■ **WHAT YOU WILL DO**:
Given the entries that follow, write out exactly the lines starting at the one containing "Goku kicks Vegeta" and ending at the one containing "ice elemental spirit", both ends included, and only those.
>>>
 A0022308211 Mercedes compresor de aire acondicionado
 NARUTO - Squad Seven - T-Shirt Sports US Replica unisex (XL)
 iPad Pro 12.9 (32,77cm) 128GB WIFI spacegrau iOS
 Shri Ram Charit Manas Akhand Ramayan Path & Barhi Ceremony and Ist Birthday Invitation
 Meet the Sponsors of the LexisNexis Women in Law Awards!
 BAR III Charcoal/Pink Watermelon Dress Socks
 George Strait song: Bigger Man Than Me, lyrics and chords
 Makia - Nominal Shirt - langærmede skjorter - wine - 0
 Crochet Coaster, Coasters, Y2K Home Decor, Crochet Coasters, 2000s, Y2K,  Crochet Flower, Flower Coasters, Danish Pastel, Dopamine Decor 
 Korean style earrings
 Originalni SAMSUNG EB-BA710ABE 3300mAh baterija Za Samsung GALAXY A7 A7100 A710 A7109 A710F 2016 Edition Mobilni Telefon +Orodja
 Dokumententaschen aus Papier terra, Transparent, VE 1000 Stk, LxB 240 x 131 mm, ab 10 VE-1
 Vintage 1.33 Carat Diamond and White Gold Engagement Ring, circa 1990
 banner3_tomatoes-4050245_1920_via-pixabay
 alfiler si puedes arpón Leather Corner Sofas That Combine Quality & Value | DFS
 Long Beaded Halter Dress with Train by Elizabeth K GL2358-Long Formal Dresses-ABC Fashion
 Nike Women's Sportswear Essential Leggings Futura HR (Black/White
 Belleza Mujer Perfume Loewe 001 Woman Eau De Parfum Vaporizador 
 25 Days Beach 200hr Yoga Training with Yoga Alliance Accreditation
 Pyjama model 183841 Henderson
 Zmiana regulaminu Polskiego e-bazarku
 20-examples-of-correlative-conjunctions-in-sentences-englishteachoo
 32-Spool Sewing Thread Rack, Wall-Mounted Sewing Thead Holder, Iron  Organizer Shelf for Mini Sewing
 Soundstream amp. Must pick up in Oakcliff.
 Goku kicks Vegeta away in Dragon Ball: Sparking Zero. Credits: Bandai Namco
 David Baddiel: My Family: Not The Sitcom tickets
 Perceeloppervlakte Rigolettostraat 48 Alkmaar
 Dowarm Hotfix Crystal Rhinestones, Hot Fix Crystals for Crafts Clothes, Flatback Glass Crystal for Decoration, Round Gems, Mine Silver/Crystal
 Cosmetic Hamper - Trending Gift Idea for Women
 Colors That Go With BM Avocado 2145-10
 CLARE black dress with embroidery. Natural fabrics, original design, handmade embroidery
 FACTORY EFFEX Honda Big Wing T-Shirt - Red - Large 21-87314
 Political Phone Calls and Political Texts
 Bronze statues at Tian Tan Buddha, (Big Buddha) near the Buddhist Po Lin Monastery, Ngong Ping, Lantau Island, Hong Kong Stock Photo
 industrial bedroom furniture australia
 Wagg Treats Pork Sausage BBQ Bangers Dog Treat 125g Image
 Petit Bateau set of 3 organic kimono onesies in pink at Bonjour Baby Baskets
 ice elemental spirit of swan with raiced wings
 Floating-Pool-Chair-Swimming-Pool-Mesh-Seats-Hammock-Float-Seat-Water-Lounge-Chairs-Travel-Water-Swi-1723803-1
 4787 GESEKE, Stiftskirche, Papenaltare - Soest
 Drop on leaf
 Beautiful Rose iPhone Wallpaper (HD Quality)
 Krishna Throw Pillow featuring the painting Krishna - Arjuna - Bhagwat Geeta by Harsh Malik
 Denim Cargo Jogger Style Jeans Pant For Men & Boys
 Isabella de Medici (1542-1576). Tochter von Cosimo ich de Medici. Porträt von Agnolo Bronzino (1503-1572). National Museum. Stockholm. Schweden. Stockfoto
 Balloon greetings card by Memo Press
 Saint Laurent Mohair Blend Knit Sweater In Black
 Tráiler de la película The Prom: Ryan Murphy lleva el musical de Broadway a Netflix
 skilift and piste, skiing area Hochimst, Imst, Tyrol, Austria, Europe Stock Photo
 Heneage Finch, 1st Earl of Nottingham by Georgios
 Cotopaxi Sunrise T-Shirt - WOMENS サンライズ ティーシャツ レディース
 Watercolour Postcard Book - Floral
<<<
■ **SOLUTION FOR THIS PROBLEM**:
 Goku kicks Vegeta away in Dragon Ball: Sparking Zero. Credits: Bandai Namco
 David Baddiel: My Family: Not The Sitcom tickets
 Perceeloppervlakte Rigolettostraat 48 Alkmaar
 Dowarm Hotfix Crystal Rhinestones, Hot Fix Crystals for Crafts Clothes, Flatback Glass Crystal for Decoration, Round Gems, Mine Silver/Crystal
 Cosmetic Hamper - Trending Gift Idea for Women
 Colors That Go With BM Avocado 2145-10
 CLARE black dress with embroidery. Natural fabrics, original design, handmade embroidery
 FACTORY EFFEX Honda Big Wing T-Shirt - Red - Large 21-87314
 Political Phone Calls and Political Texts
 Bronze statues at Tian Tan Buddha, (Big Buddha) near the Buddhist Po Lin Monastery, Ngong Ping, Lantau Island, Hong Kong Stock Photo
 industrial bedroom furniture australia
 Wagg Treats Pork Sausage BBQ Bangers Dog Treat 125g Image
 Petit Bateau set of 3 organic kimono onesies in pink at Bonjour Baby Baskets
 ice elemental spirit of swan with raiced wings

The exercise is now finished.